Watch the Ball
Any competitive player knows the importance of keeping their eyes on the ball … so much so that the phrase “they took their eyes off the ball” is now in common usage as a way of describing any situation where someone loses focus. However, we also know from W. Timothy Gallwey’s The Inner Game of Tennis (1974) that telling yourself to watch the ball often doesn’t result in success. His Self #1 (the teller) and his Self #2 (the doer) fail to connect. In his section on Watching the Ball, Gallwey suggests looking at the seams of the ball as it is spinning. This focus on the seams, he suggests, will help a player to complete ball watching until contact. (Important note: I just reread The Inner Game. For any of you who haven’t touched base with this path-breaking book … it’s a MUST!)
Deconstructing Tennis has an alternative way of describing the ball watching experience on the groundstrokes: A player should focus on the ball until he sees the blur made by the racquet as it passes through contact. What is watching the blur supposed to accomplish?
First, as Gallwey noted in The Inner Game of Tennis, players tell themselves to watch the ball quite frequently … and then don’t do it! Rather than a command, watching the blur gives you something concrete to focus on. Self #1 turns from a teller into a witness.
Secondly, by watching the ball completely into the strings, a player’s eyes give the best information possible to your hand as you go for your intended target. Imagine a rocket shot to the moon. At takeoff, the missile is 2 degrees off line … the rocket will miss the moon by millions of miles! Similarly, if a player does not look the ball into the strings, his hand is “guessing” at the proper angle to get the ball to his target. Guesses, as you know, can be either good or bad. Seeing the blur takes guesswork out of the game and connects a player to his FEEL.
To quote Deconstructing Tennis:
FEEL is the process through which top players deliver the ball to their intended targets. To the extent that club players of all levels can imitate the top pros in their approach to the game, they will also begin to hit their targets more consistently.

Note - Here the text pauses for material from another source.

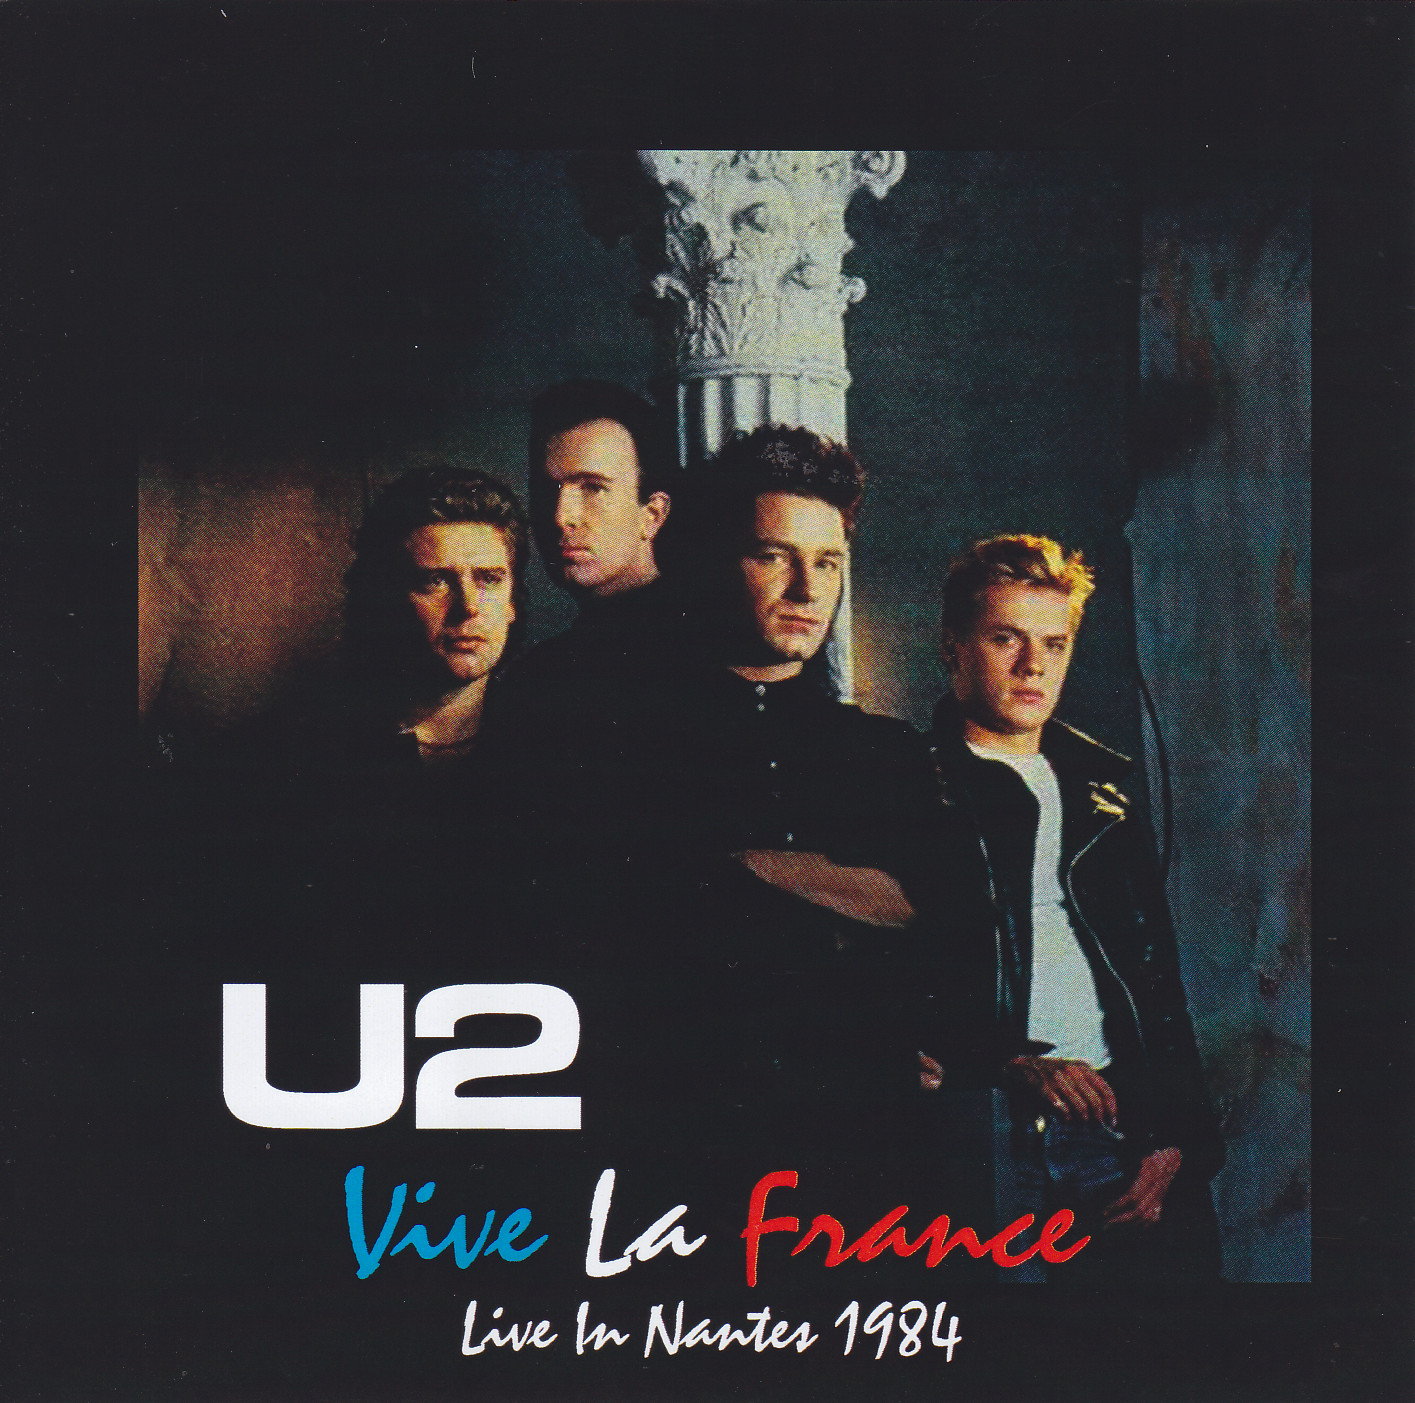 (2CD) U2 / Vive La France Live In Nantes 1984 PROJECT ZIP

To illustrate the observing contact component of FEEL, a valuable aid is the instruction to “keep your head still.” Strictly speaking, the human eye is not quick enough actually to see the ball hit the strings, but you should play each and every shot as if you could. What you can see is the “blur” of the racquet as it passes through the contact zone. If there is any doubt about this, the Youtube videos of Roger Federer’s forehand in slow motion should provide convincing evidence.
A longtime friend and tennis colleague, Chris Busa, uses an alternative phrase, “after image”, to describe what I mean by seeing the blur. In some ways, this is a more accurate concept because not all shots have sufficient racquet speed to make a blur. For example, the “after image” of a volley is a racquet frozen at contact while simultaneously witnessing the blur streak of the ball leaving the strings.
Thirdly, and this is the hardest thing to explain, when the body has its correct tension and the mind is on the blur, the ball almost never is OUT because of forcing the swing. This is a sort of Zen experience. Seeing the blur reinforces the relaxed mental state which accompanies nearly all well-executed strokes.
So, it works like this: see the blur, lineup the racquet face and reinforce your calmness, hit your targets more consistently … and ultimately, have more fun!
P.S. A player at the club who’s just started reading DC Tennis told me the other day: “I tried out the “see the blur” thing in my mixed doubles match the other day. I counted and I did it 30 times … but I missed one shot.” He’s a 3.0 … as they say at the end of a math proof: QED!